14世紀にはこの場所に教会がありましたが、その後巡礼者の家や修道院となり、16世紀には礼拝堂が作られました。その後ゴシック様式に改装され、火事で一部焼け落ちた後、18世紀バロック後期の様式で改築されました。小さな教会ですが、内部に足を踏み入れると、荘厳なバロックの世界が広がります。

聖アンナ教会
<聖アンナ教会内部>

現在では主にコンサートが行われ、モーツァルト、ベートーヴェン、シューベルト、ハイドンなどの音楽を楽しむことができます。

>>公式ホームページはこちら

フランツィスカーナ教会

ケルントナー通りからヴァイブルク通り(Weihburggasse)を入って少し行ったところにある広場に面した水色の三角屋根の教会が、フランツィスカーナ教会です。広場にはクライネスカフェーというテラスカフェもあり、中央にはモーゼ像が建っています。

フランツィスカーナ教会
<フランツィスカーナ教会のファサードとモーゼ像>

ウィーンの教会にしては少し珍しい外観ですが、14世紀に作られた中世後期の建物に、16世紀にフランシスコ会という修道会が入り、17世紀に建て替えられた、ウィーン唯一のルネサンス様式の宗教建築です。

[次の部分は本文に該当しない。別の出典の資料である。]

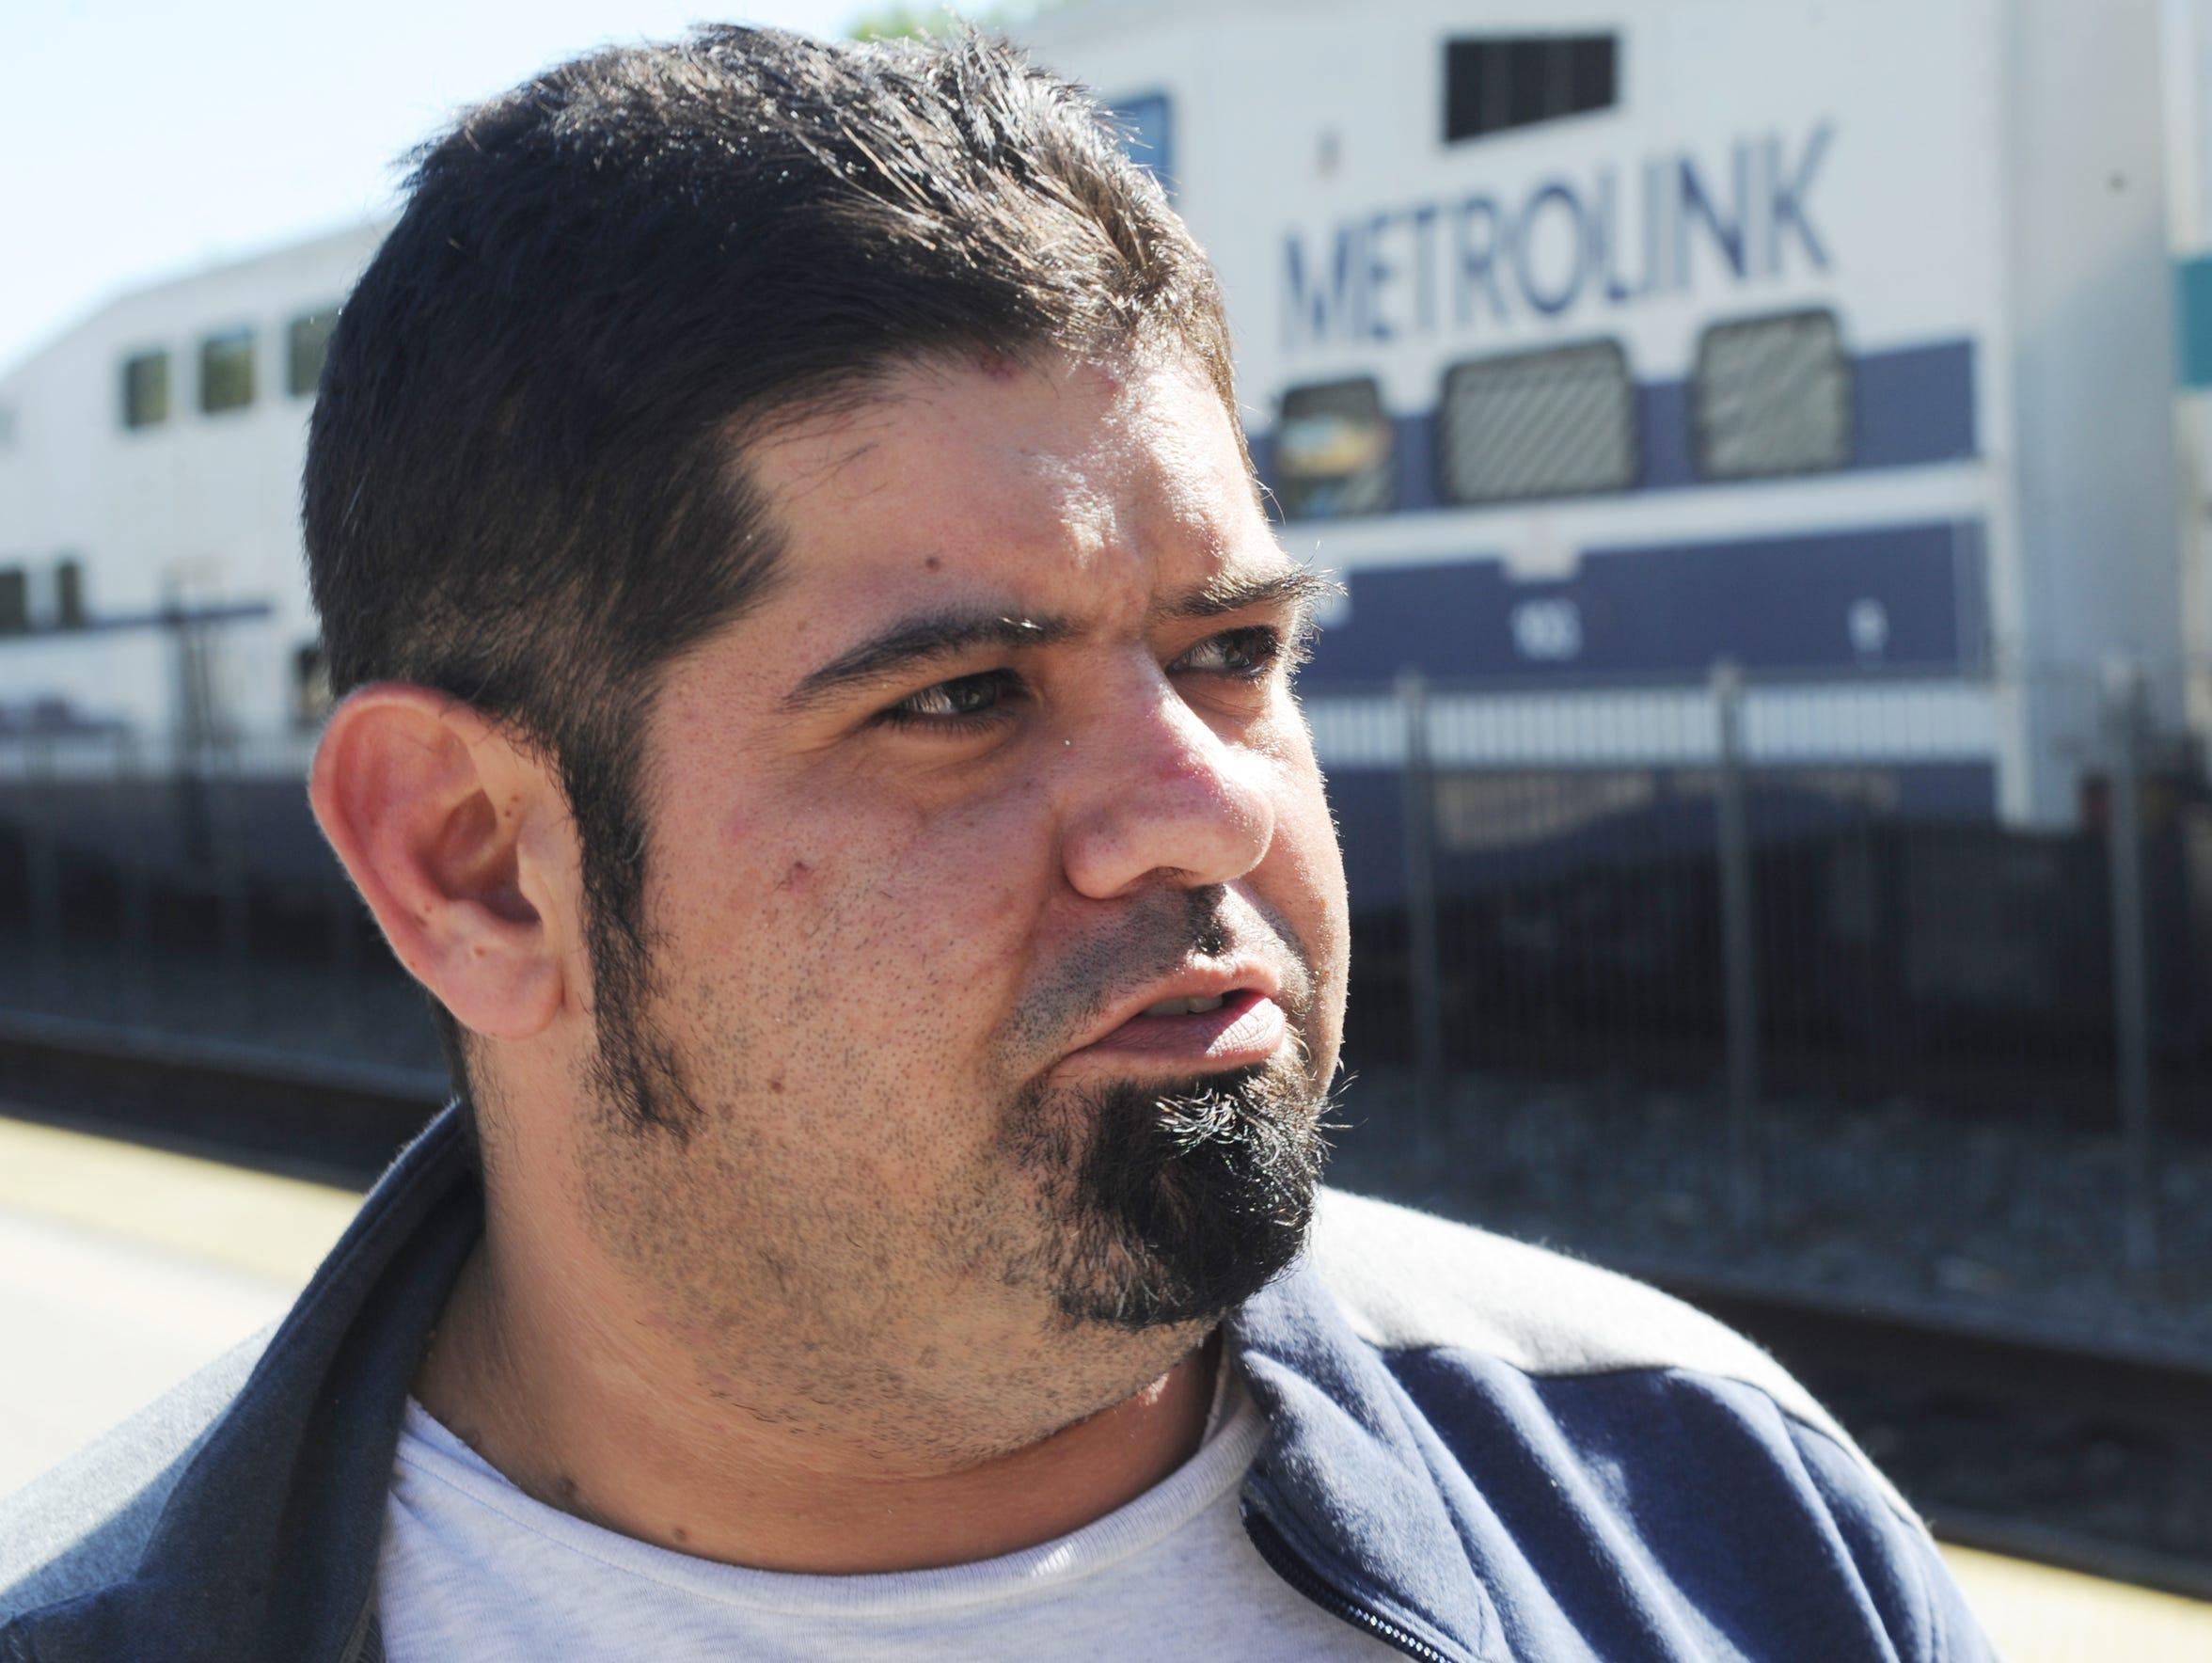 Carlos Romero, of Moorpark, waits to take a Metrolink

明るい水色の外観とは対照的に、茶色と白と金色を基調にした、落ち着いた後期バロック様式の内部が印象的です。

フランツィスカーナ教会
<フランツィスカーナ教会主祭壇>

また、後ろを振り返ると、ウィーン最古の演奏可能なパイプオルガン(1642年)があります。

フランツィスカーナ教会
<ウィーン最古のパイプオルガン>

街歩きをしていても気持ちのいい通りですが、ふと気になった教会に入ってみて、重厚な歴史を感じるのも素敵ですね。

>>公式ホームページはこちら

まとめ

今回は、ウィーン旧市街の南側にある五つの教会を探索してみました。歩いてものの10分ほどの範囲ですが、騎士団や修道会など、異なる組織の拠点となっているので、こんなに密集しているのに棲み分けがされているのですね。外見は小さく目立たないものでも、中に入ってみたら豪華だったりと、意外な側面が見られます。

今後も街歩き気分で、ウィーン旧市街の知られざる教会建築をご紹介していきますので、お楽しみに!